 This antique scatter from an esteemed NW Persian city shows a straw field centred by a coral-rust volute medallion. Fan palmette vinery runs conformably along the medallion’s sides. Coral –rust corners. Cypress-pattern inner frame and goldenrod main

* * *

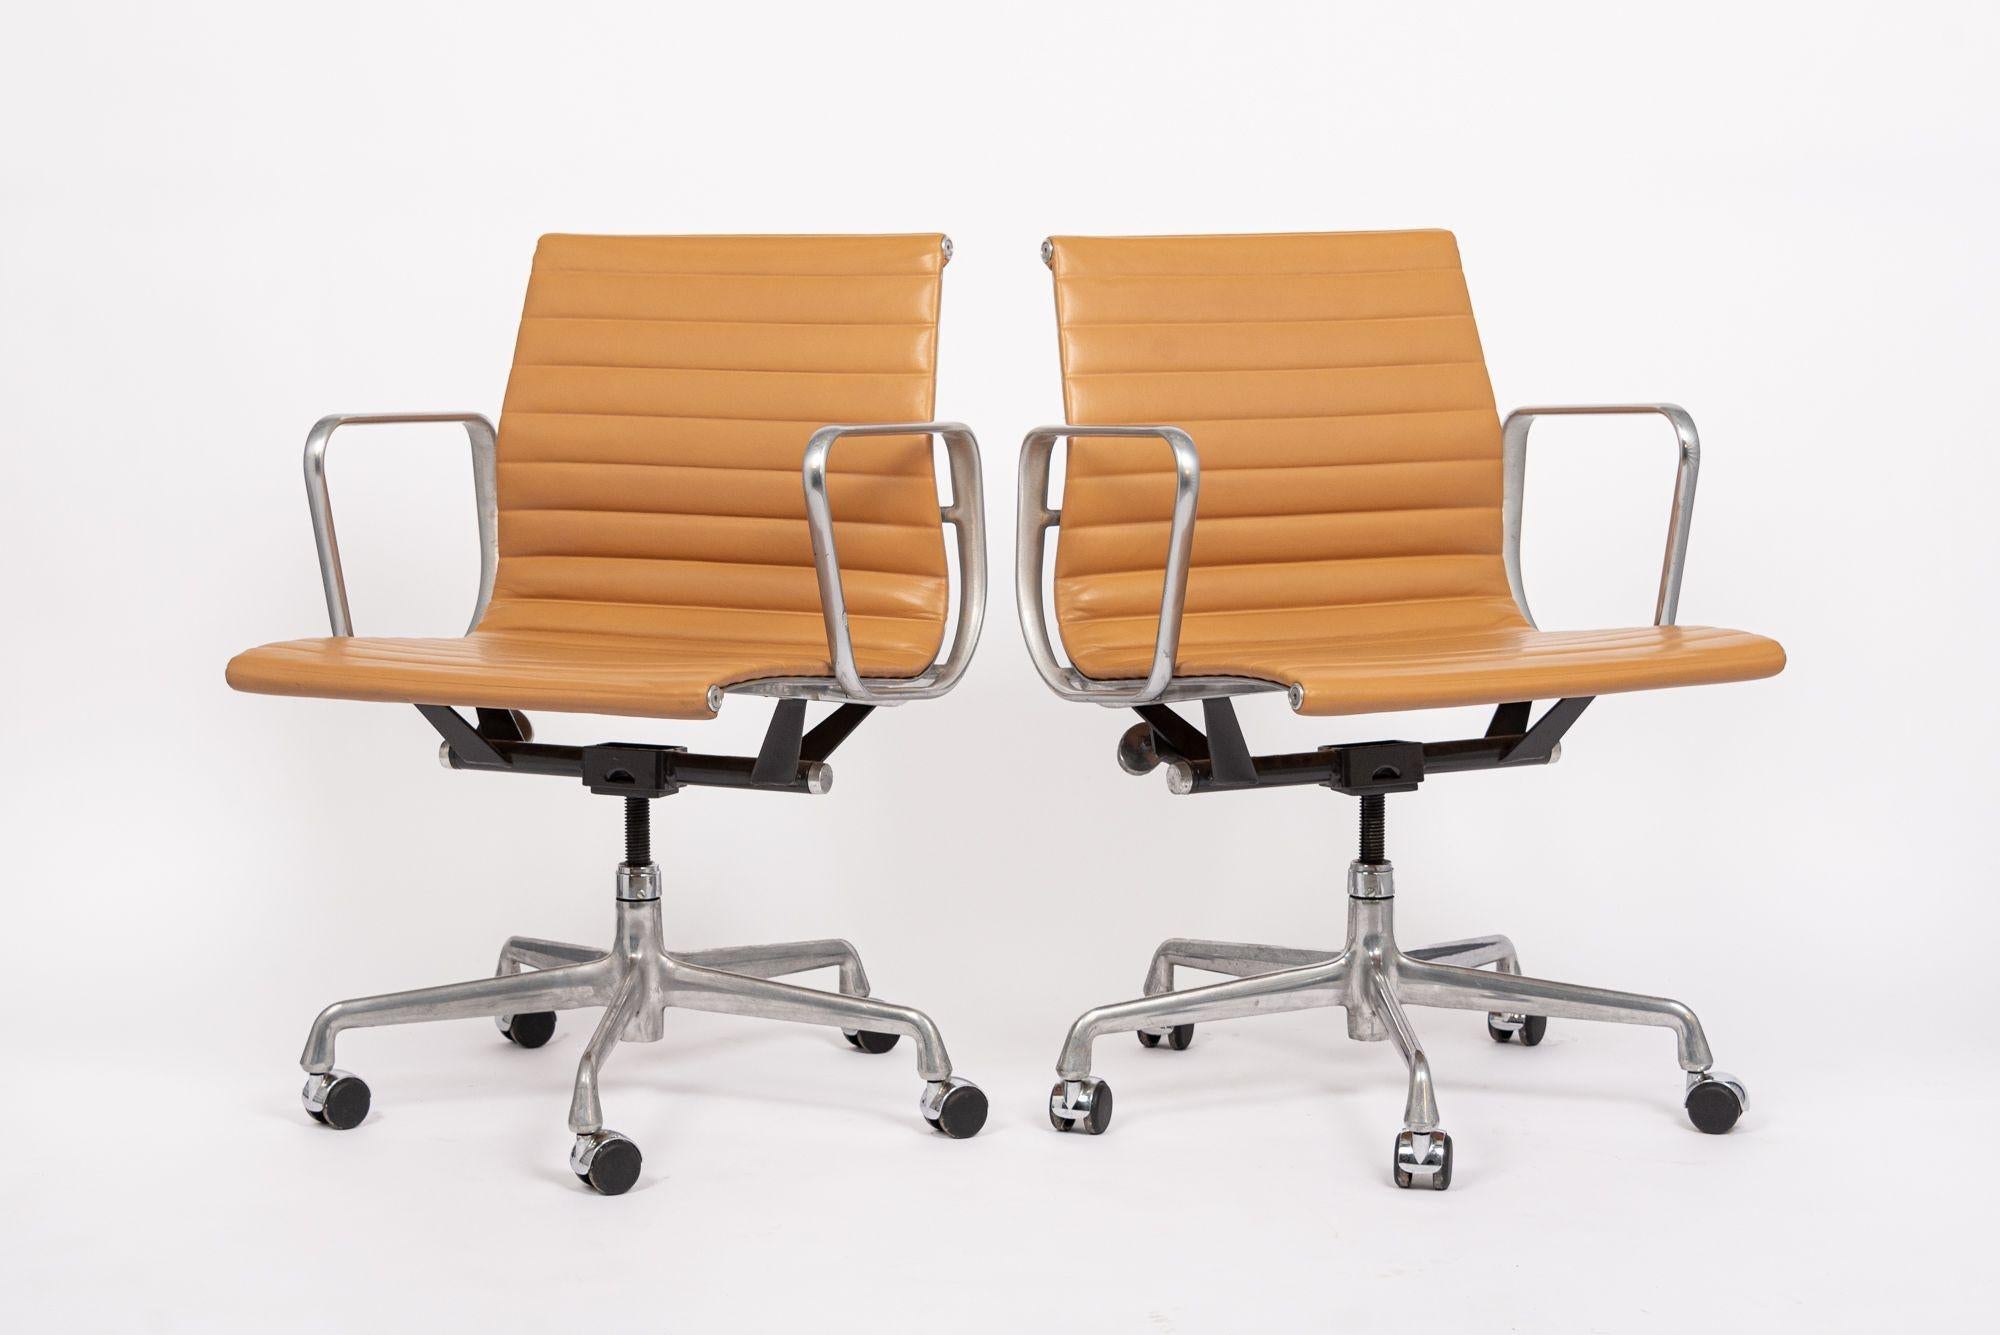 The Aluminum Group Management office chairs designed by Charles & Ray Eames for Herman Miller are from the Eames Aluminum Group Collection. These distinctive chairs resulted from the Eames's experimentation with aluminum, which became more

--

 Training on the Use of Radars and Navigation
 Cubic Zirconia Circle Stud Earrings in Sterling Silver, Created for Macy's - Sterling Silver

What you have to do:
Starting at the line above that contains "Training on the Use of Radars and Navigation", write out each line exactly until the line that contains "Cubic Zirconia Circle" has been written, and stop there.

Your solution:
 Training on the Use of Radars and Navigation
 Cubic Zirconia Circle Stud Earrings in Sterling Silver, Created for Macy's - Sterling Silver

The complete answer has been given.